Perhaps the pope would approve. Perhaps not.

Gawkers gather and snap cellphone photographs. One tourist, bare-chested and pot-bellied, takes a stab at the subject’s identity. “Shoot, is he a politician?” the man asks, his voice amply ‘Murcan. “My wife says I should know him.”

What exactly there is about the scene that causes him to think politician is left unsaid. But the notion that anyone can be anything in America fascinates Balotelli, the most interesting man in the world (soccer edition), by turns a national hero and the target of national prejudice, who was born in Sicily to Ghanaian parents but (by law) couldn’t become an Italian citizen until he turned 18. On Balotelli’s rollicking Twitter feed (@FinallyMario), which includes photos with everyone from the Pope to his new pet piglet, he tagged President Obama with a happy birthday wish and invited him to Milan’s Aug. 7 game in Miami.

“I’ve never cared about politics, but I think he is a great man,” says Balotelli, holding court in English back in the hotel.
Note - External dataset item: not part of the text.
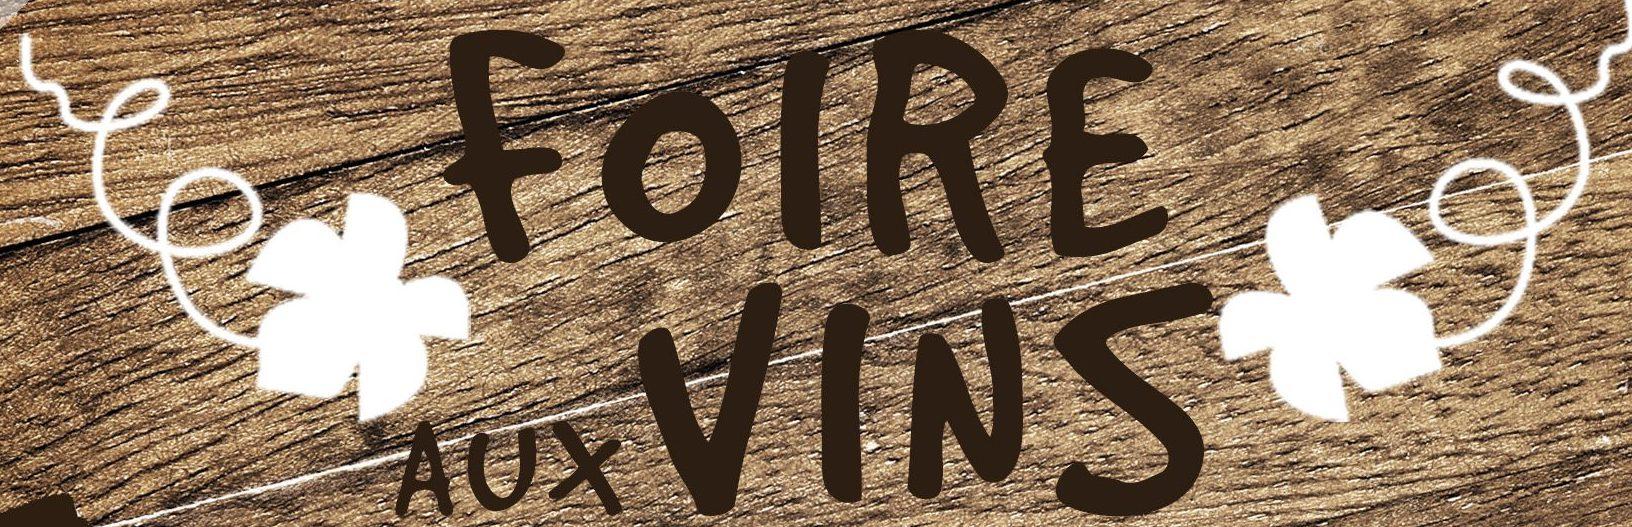 foire aux vins 2017 caviste la grande motte le petit chai cave vin degustation decouverte bonnes affaires

He’s wearing diamond earrings the size of grapes, a trucker hat bearing an African lion and the word king, a scoop-neck T-shirt that shows off his rippling muscles and, this being Florida, jorts. “Obama can be like a new start for everybody,” Balotelli goes on. “Just the fact that he’s black and he’s the first one.”
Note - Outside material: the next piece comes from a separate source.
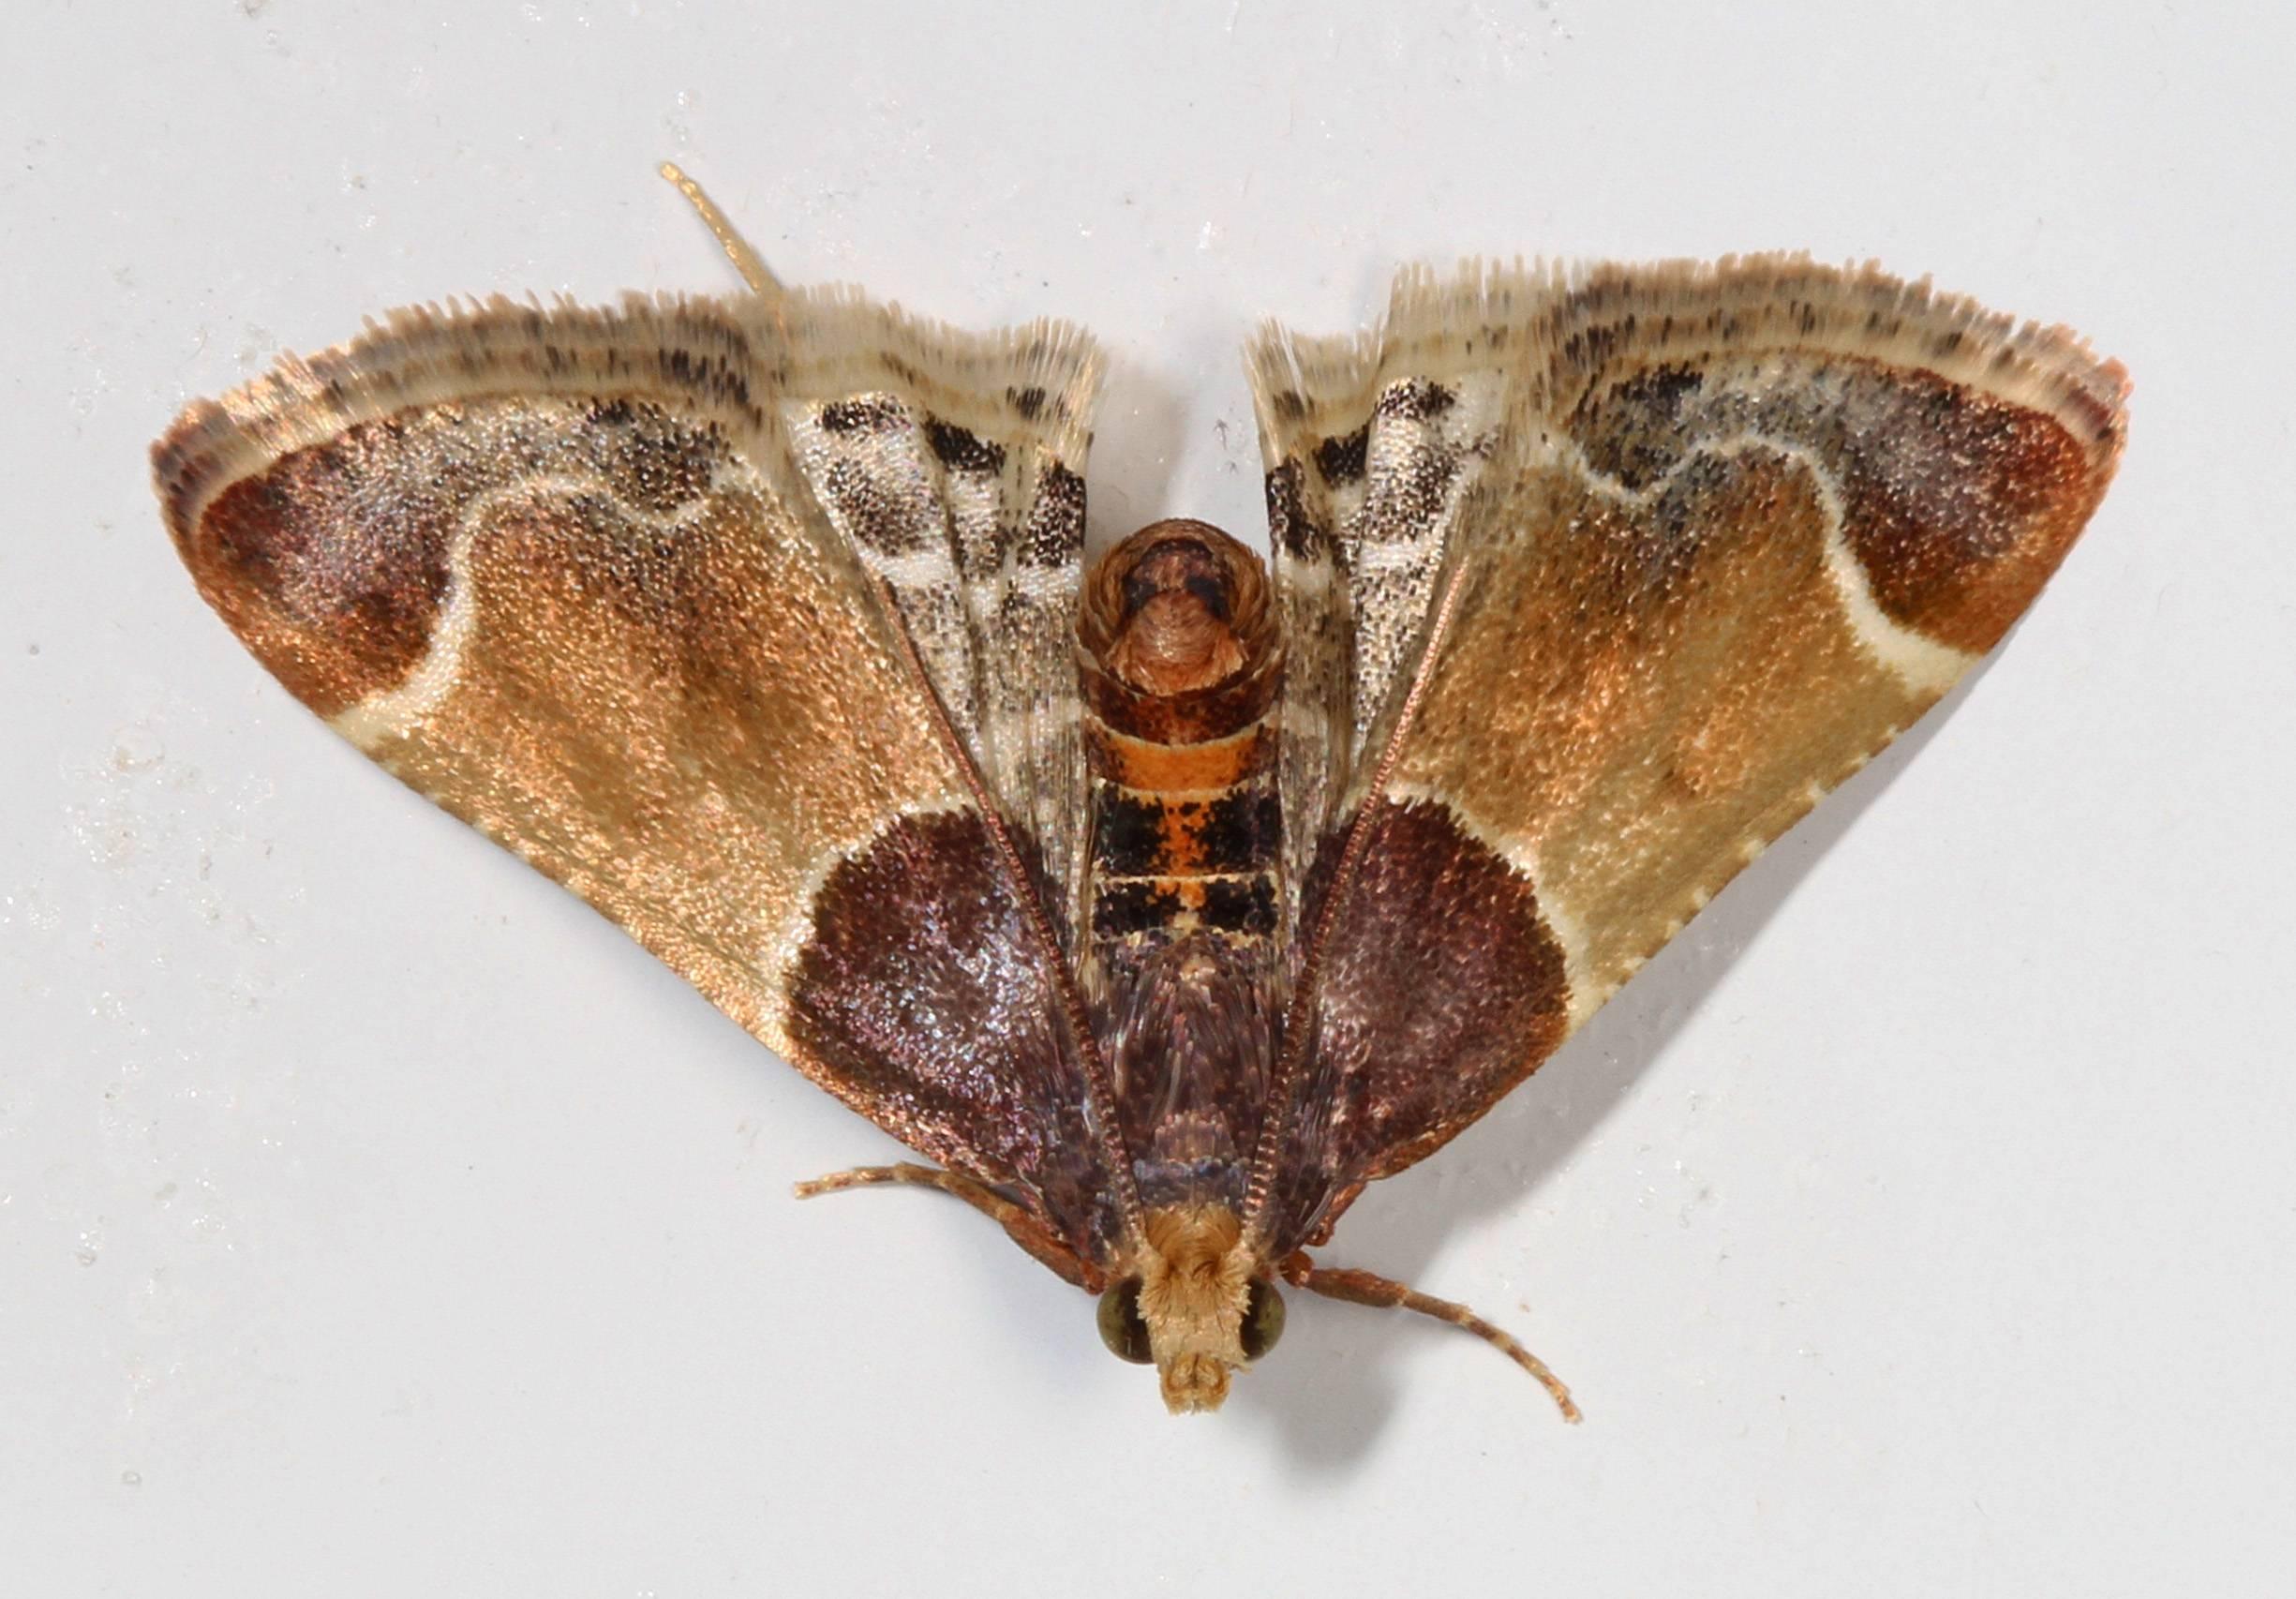 Бабочка огневка. виды бабочек огневок и как с ними бороться

A new start for everybody. In terms of identity, at least, there’s a parallel with Balotelli, the first black Italian to play in a major soccer tournament. Balotelli made Time’s list of the world’s 100 most influential people not just because he’s one of the most promising, feared and provocative players in soccer, but also because he represents the New Europe, the continuing spread of the black diaspora to countries where there has been scant African influence. In the past decade Italy’s population of immigrants — the majority of them from Africa — has more than doubled, to 7.5%. What is it like to be black and Italian? “It’s amazing,” says Balotelli. “And now there are a lot more coming, so I’m not alone anymore.”
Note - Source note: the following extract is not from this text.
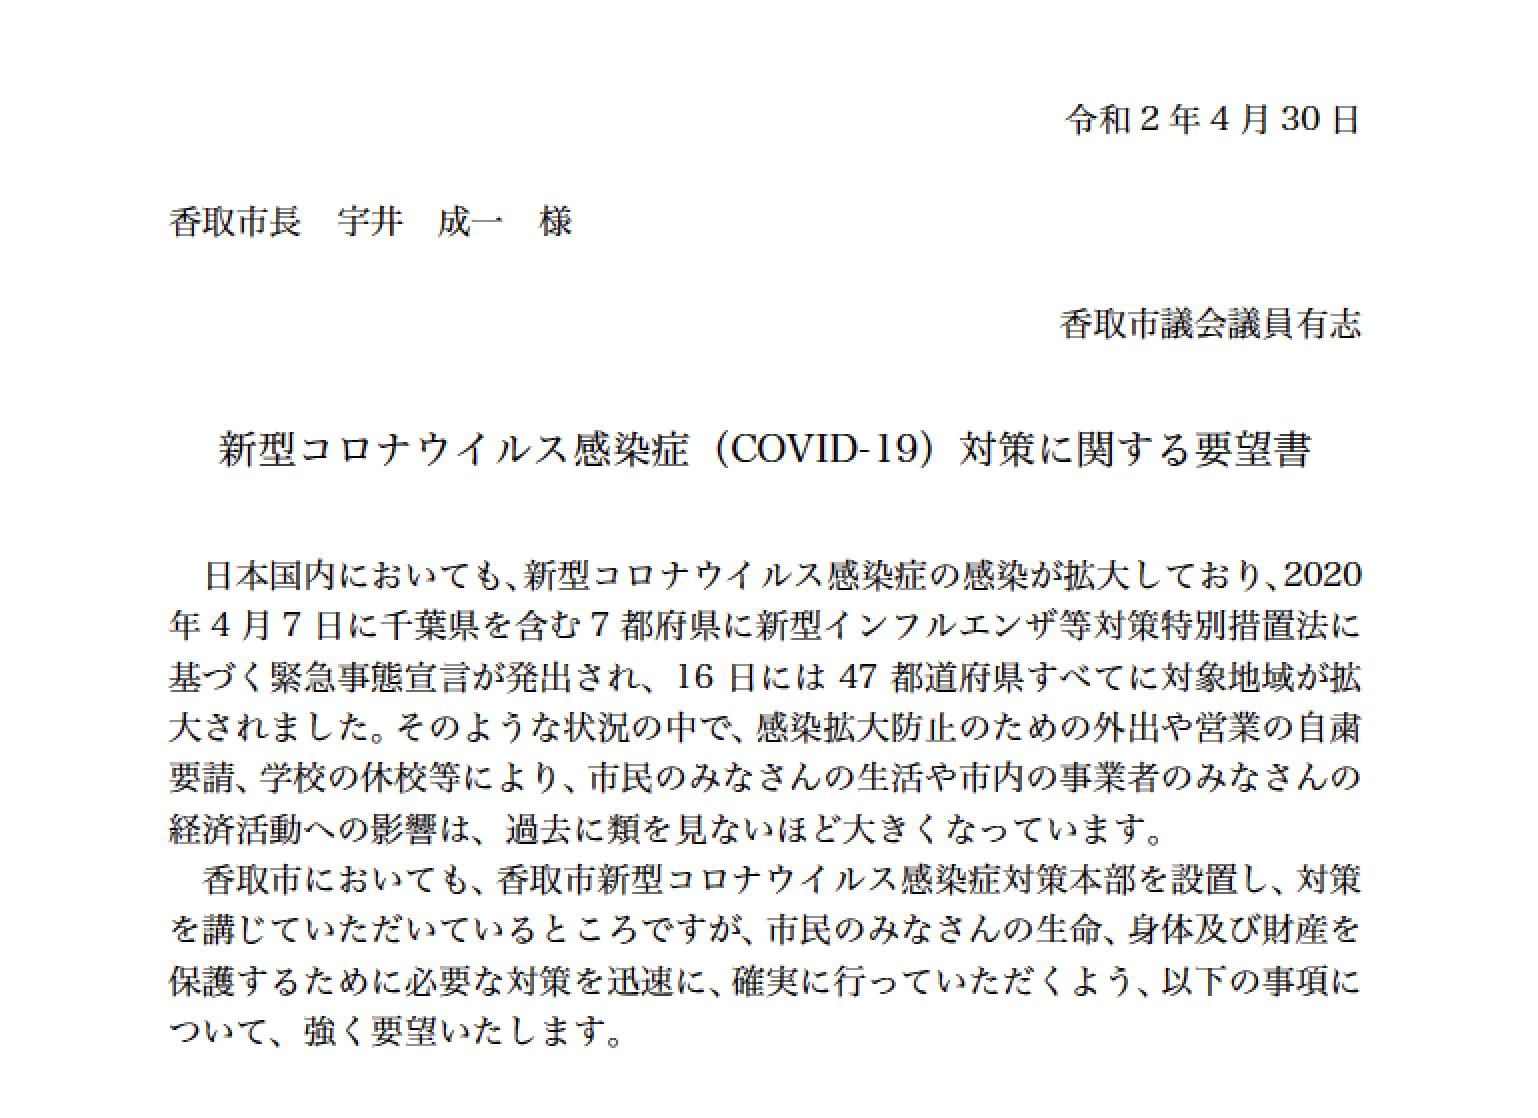 新型コロナウイルス感染症(COVID-19)対策に関する要望書

Nor does he go unrecognized in the U.S. any longer, Florida retirees notwithstanding. When Balotelli visited New York City with AC Milan earlier this month, he was swamped by fans as he walked to see the Empire State Building. “Four years ago I came to New York, and nobody stopped me, nobody said anything,” he recalls. “Now people are stopping me, asking for my picture and an autograph.”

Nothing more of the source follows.